Nelson yawns and rubs his eyes. He’s exhausted but he doesn’t want to go to bed just yet. If he leaves it a bit longer Michelle will be asleep. If she is awake, she might be in the mood for sex and, for the first time in his married life, Nelson doesn’t want to sleep with his wife. He doesn’t think he could stand the guilt.
He sits at the desk, listening to the TV in the next room. Hugh Anselm’s words – pedantic, intelligent, sometimes sad – run on a constant loop through his head. Who had visited Hugh in February, switched off his stairlift and left him to die, struggling with the seatbelt, trying to reach the controls? Who had come to Archie’s room in the night, smothered him and departed without a sound? Who had stabbed Dieter Eckhart and thrown his body into the sea? Was it the same person or three different people?
We have only told one other person that this film exists. The last of the three of us left alive will leave instructions as to where to find this evidence.
The last of the three…
Nelson goes back to Hugh Anselm’s unfinished letters. Maybe you too have had a letter from Daniel?
He hears Irene Hastings’ voice, the first time he met her. Well, there were a few young boys. You could be in the Home Guard if you were too young or too old to fight. I’m not sure about Hugh or Danny. Archie’s still alive, though…
Danny. Daniel. The mysterious third man. The man whose surname no-one remembers. The man who has vanished. But Hugh had a letter from him and, knowing Hugh, he will have kept the letter.
He goes back through the file, his eyes trained for any name beginning with D. Daniel Abse, the MP. Danny de Vito, the actor (Hugh was an unexpected fan of the American sitcom Taxi). Daniel Barenboim (admired for his work in the Middle East). But no letters from an ex-comrade called Daniel or Danny.
Eventually, in desperation, he goes back to the Broughton and Rockham Parish News. There, between a recipe for snoek casserole and an exhortation to Dig for Victory, he finds it. December 1940.
TRAGIC DEATH OF BROUGHTON LAD
The body washed ashore on the beach at Broughton was yesterday identified as being that of Daniel West, 18, son of Marjorie and the late Lawrence West of the High Street, Broughton.
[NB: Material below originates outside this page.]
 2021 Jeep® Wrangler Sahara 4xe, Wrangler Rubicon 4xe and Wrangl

Daniel was an apprentice fitter at Jensen’s Garage and a keen member of the Home Guard. He was hoping to be called up in the New Year. Mr Stephen Jensen, 50, described the boy as ‘a real hard worker’ and offered his condolences to his mother.
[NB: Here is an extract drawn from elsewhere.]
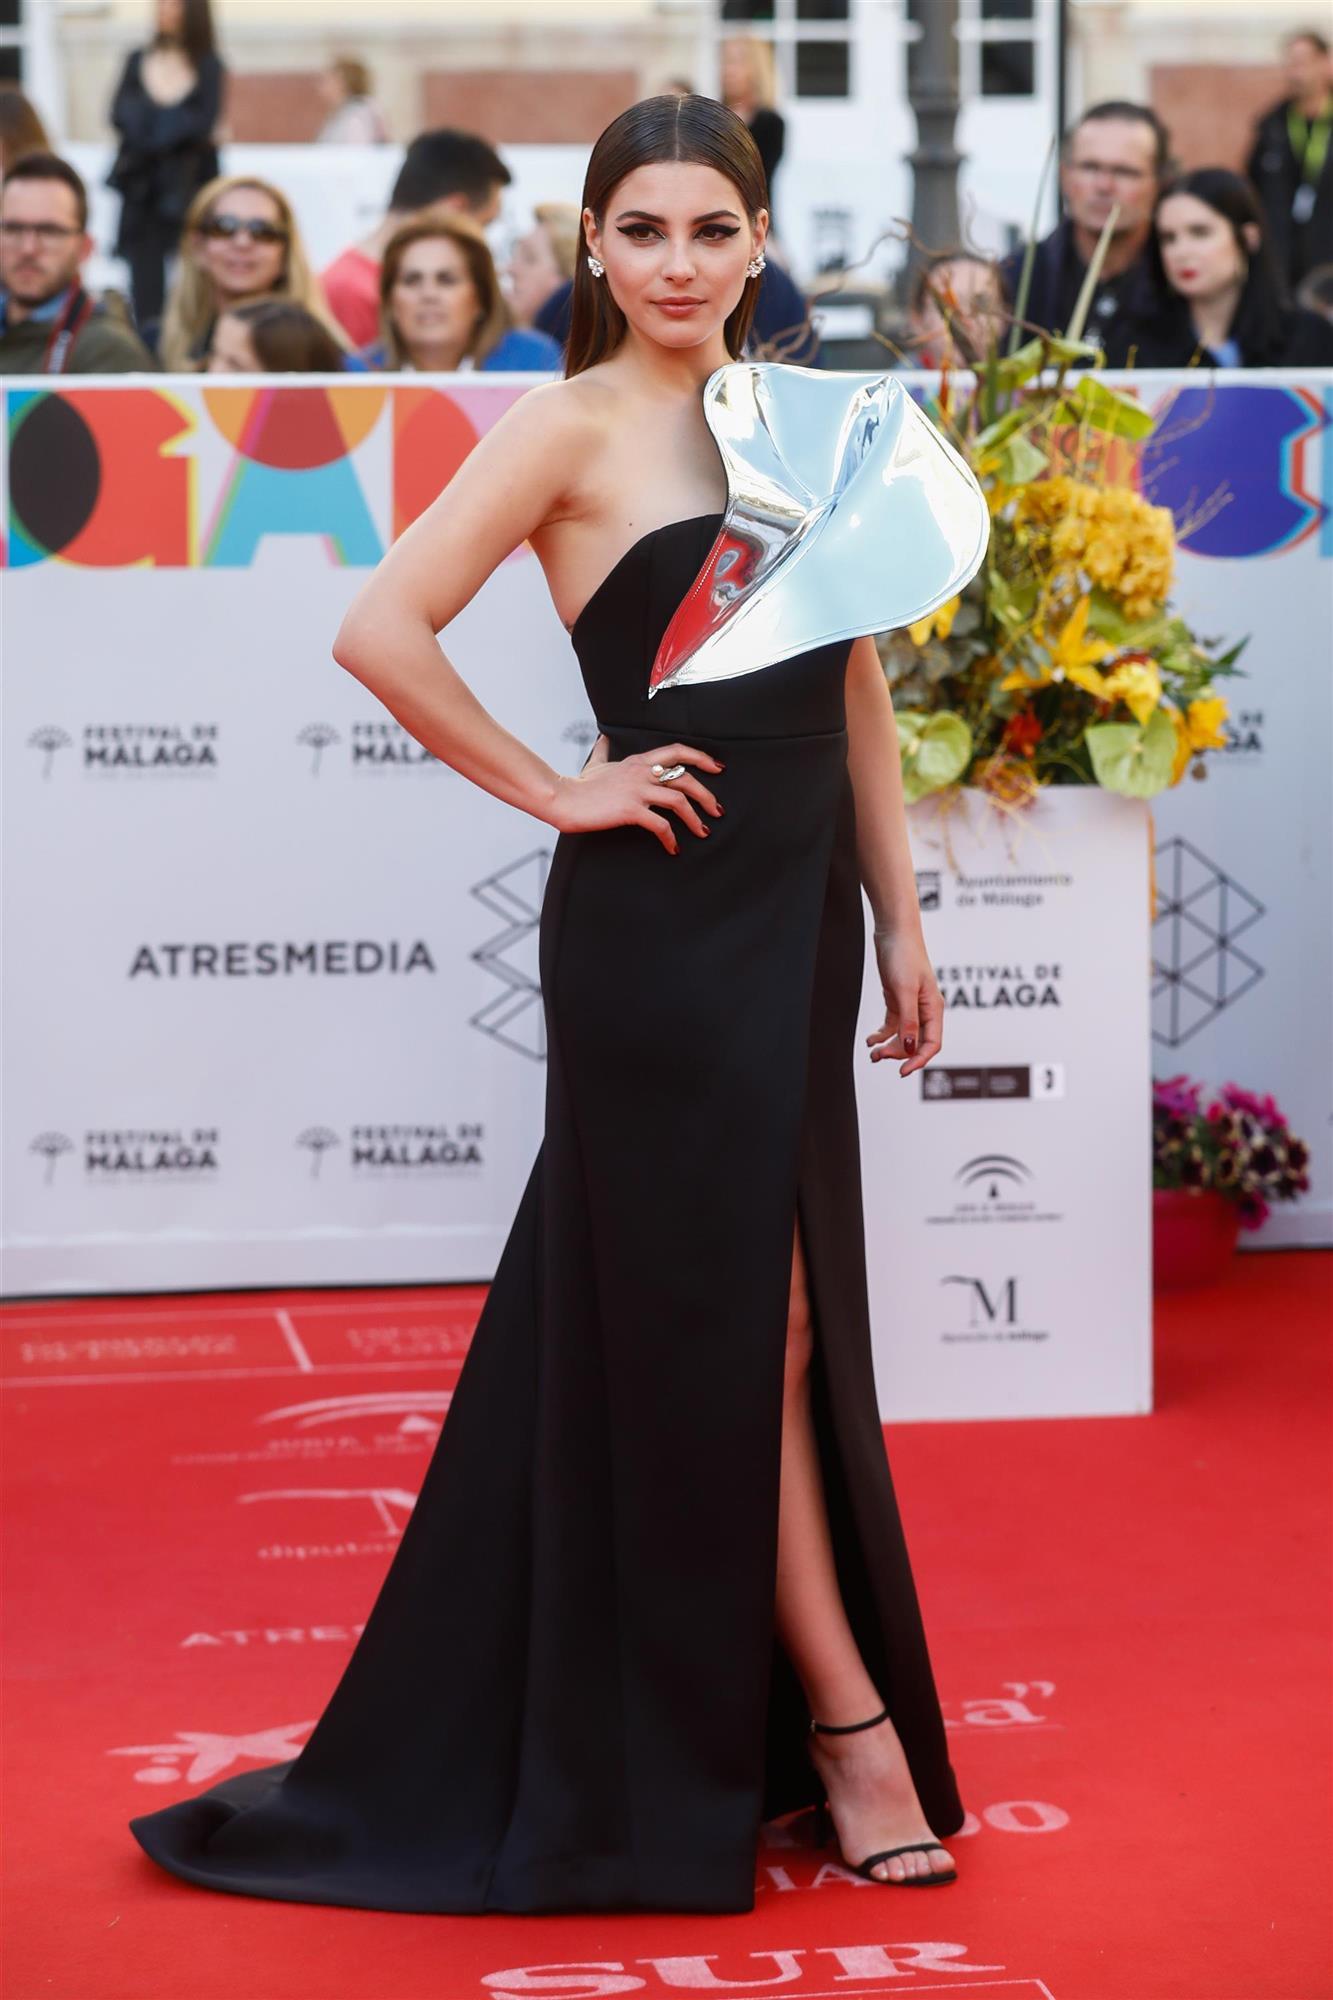 Ana Duato Piernas los mejores looks de la alfombra roja del festival de cine

So Daniel West had died, only a few months after the six Germans were murdered. It seems inconceivable that neither Irene nor Archie would remember this fact. But not as inconceivable as the fact that Hugh Anselm apparently had a letter from Daniel some seventy years after he died. It can’t be the same Daniel. Surely?
He jumps because his phone is ringing. He can’t find it at first because it has fallen into the box of papers. He gets it on the last note of the ring tone.
Clough.
‘You’d better get down here, boss. It’s that girl, Maria. She reckons someone’s trying to kill her.’